Smith Square Briefing – The Lyons Report
16 October 2014, Blog
The Labour Party released their much-anticipated Lyons Housing Review today, setting out plans to increase house building to 200,000 homes by 2020.
Of course, this is all prospective and completely dependent on whether Miliband and his party get into power following the election in seven months’ time.
The report recommends changes to current planning rules which would increase the supply of new homes. The report is the work of months of hard work from Sir Michael Lyons on behalf of the Labour Party.
In the wake of its release, the British Property Federation has called on all political parties to undertake similar reviews. Liz Pearce, chief executive of the Federation, said of the review: “The sensible review is extremely comprehensive and pinpoints exactly where problems in the planning system are and comes up with thoughtful solutions.” It will be interesting to see whether the other parties respond in any way to the report.
Labour said the report would make it mandatory for local authorities to have a local plan to meet the housing needs of the local community. There will also be financial incentives in place to local authorities so that they deliver a programme of new Garden Cities and Garden Suburbs to unlock 500,000 homes. This incentive has been met positively from some of the country’s leading property experts. Stewart Baseley, executive chairman of the Home Builders Federation said of the report: “We welcome the commitment by Labour to increase housing supply…Policies that would result in more land coming forward for development more quickly and further assist first time buyers would clearly provide a boost to housing supply.”
Other policies include:
- Measures to drive competition in the house building industry, increase capacity, and expanding the number of small firms
- A ‘Help to Build’ scheme to underwrite loans to small builders to get them back on track and fast-track planning on small sites
However, the report has also been slated by a number of experts. Matt Hutchinson, director of the UK’s biggest flat share site SpareRoom.co.uk, said: “Ed Miliband has missed a trick by sweeping great swathes of the electorate under the carpet – those people in private rented accommodation who are facing soaring rents, with little to no prospect of ever owning their own homes.

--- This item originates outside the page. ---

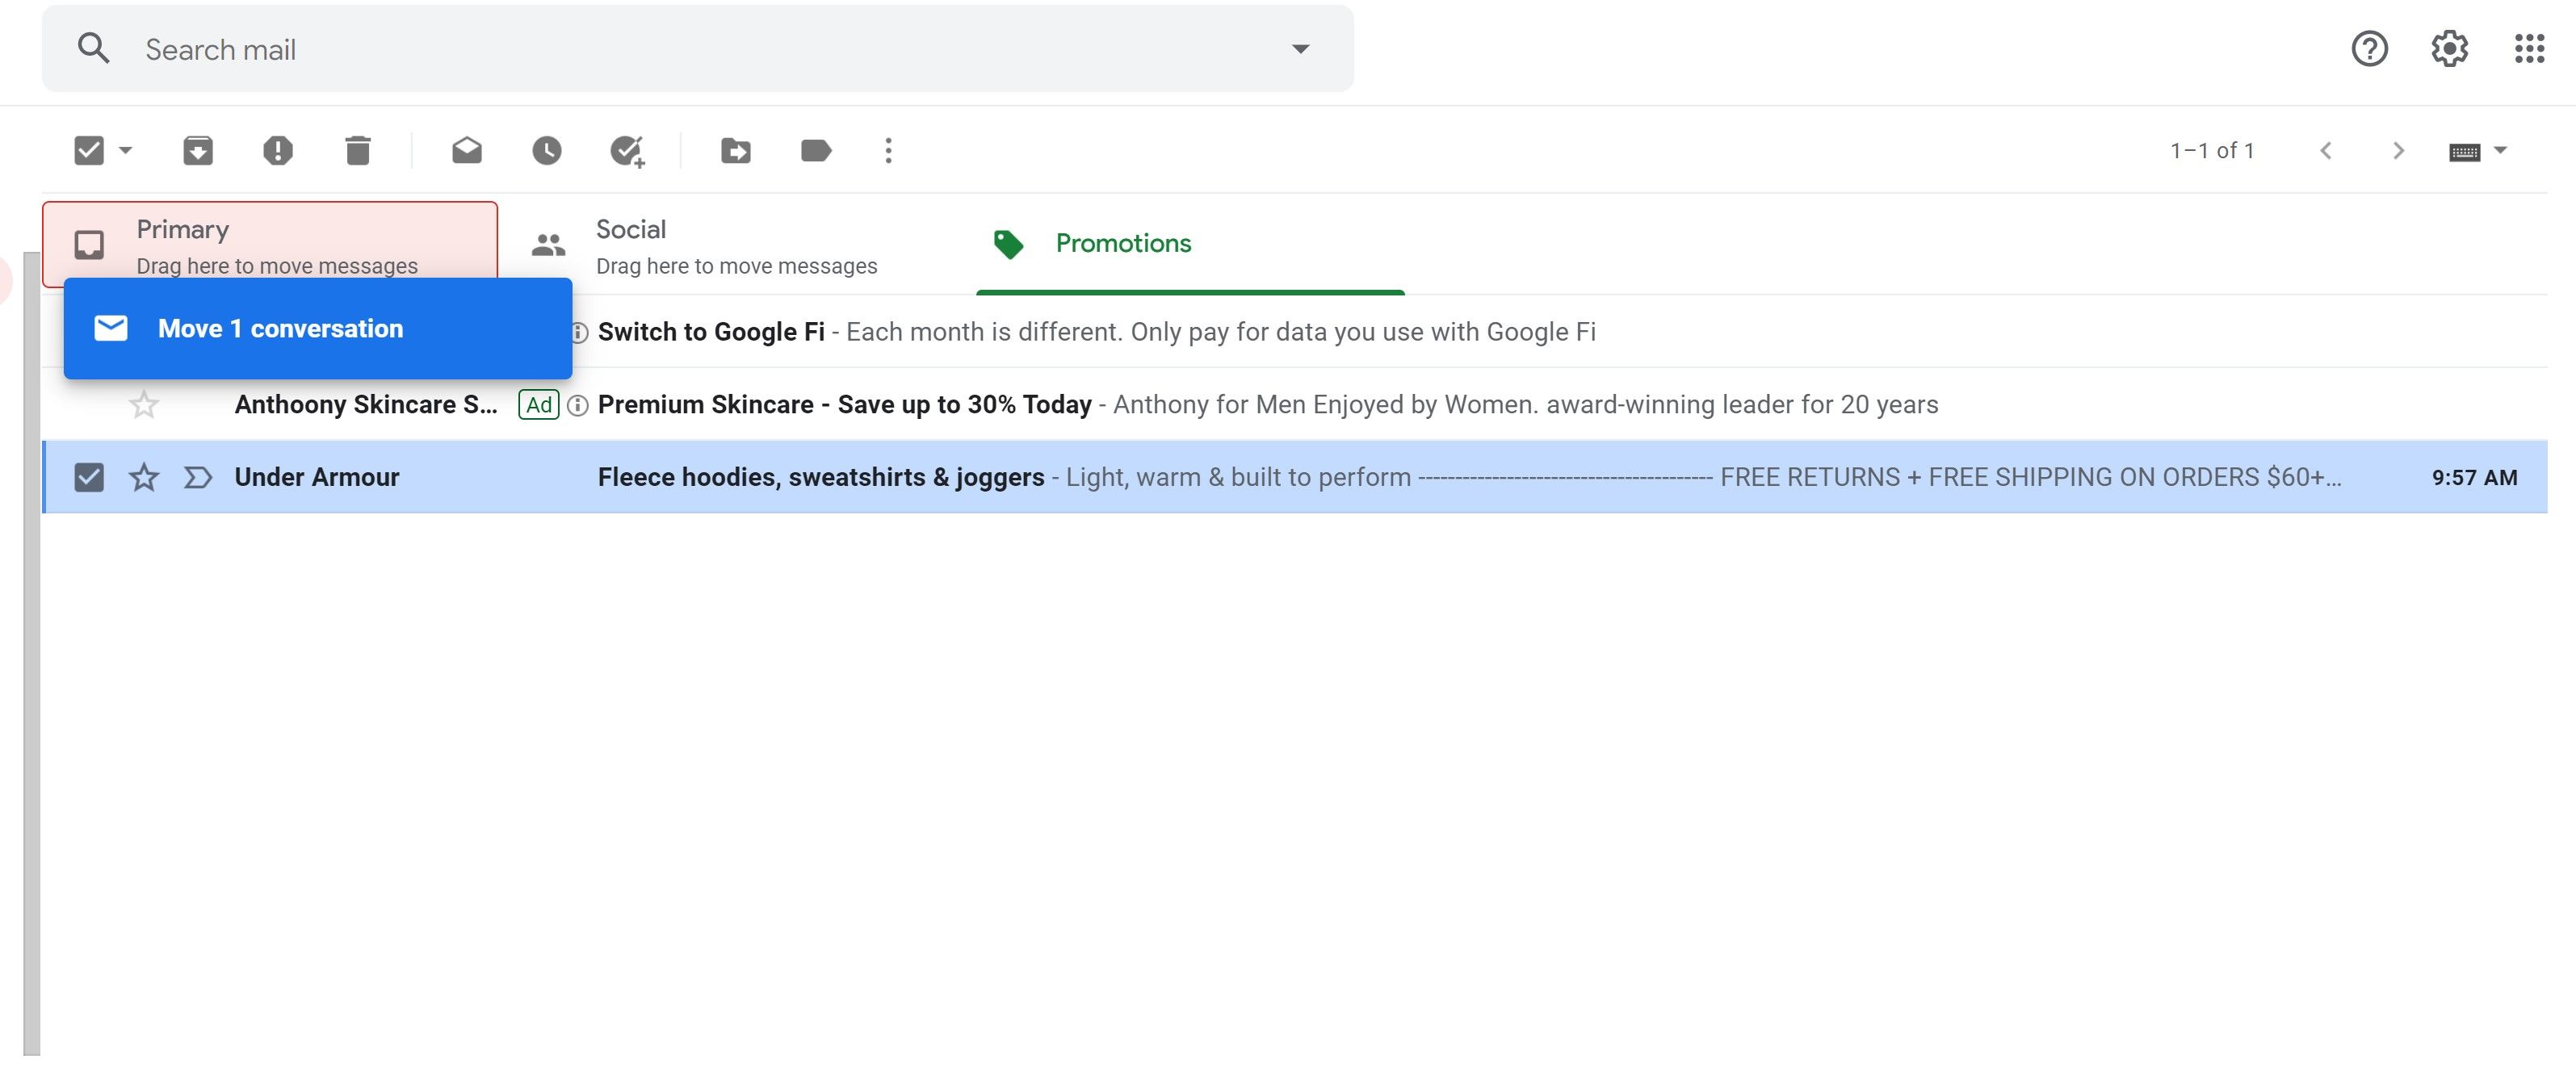 dragging email from promotions to primary gmail

“The cold hard truth is we can no longer expect to be a nation of homeowners – the underlying structure of the property market has changed too much.”
Miliband has promised that first time buyers will get priority. He also promises new ‘Housing Growth Areas”, which will give local authorities the power to assemble land and give certainty that building will take place. The question remains whether Labour can deliver on their promises. Ed Goodworth, real estate partner at consultancy BDO who has some concerns, said: “Plans to build 200,000 homes are all well and good, but how do the various political parties propose to do this? There are changes needed to the existing system to get Britain building in the first place, before Labour, or anyone else, can promise to set aside new homes for first-time buyers…Policymakers need to address the supply issue, in order to meet the UK’s housing demands.”
As the election creeps slowly closer, the main parties still have plenty to talk about on the more prevalent issues in UK politics, such as the NHS, immigration and housing. Labour has made the first move on housing, and it will be interesting to see the response from the Government parties. The report calls for power to be handed to local authorities alongside incentive schemes encouraging them to take up the offer. The Lyons Report is ambitious but will it generate support for Labour in the run up to the election? We shall see.
Whilst there are some interesting points in the report such as giving greater powers to the Planning Inspectorate, under the surface it’s difficult to tell what impact this will have on the ground.
Local Authorities already have incentives to agree a Local Plan as it allows them to control speculative development and gives them a greater say over how their communities grow – and the Planning Inspectorate is already responsible for approving these. Similarly, the promise to ensure a proportion of planning gain is invested in schools, roads and other community infrastructure already happens in large schemes, as any local authority planning officer worth their salt will insist on Section 106 contributions targeted in these areas.
It would be interesting to see just how PINS would force Local Authorities who fail to put together a satisfactory Local Plan. Will they tell them to go back and re-write it just as they do now, or will they step in and write it for them? If the latter then this would be quite a radical move for Labour, and whilst popular with some would surely be looked on as a loss of local democracy.
The reports present some interesting ideas, but the devil is definitely in the detail.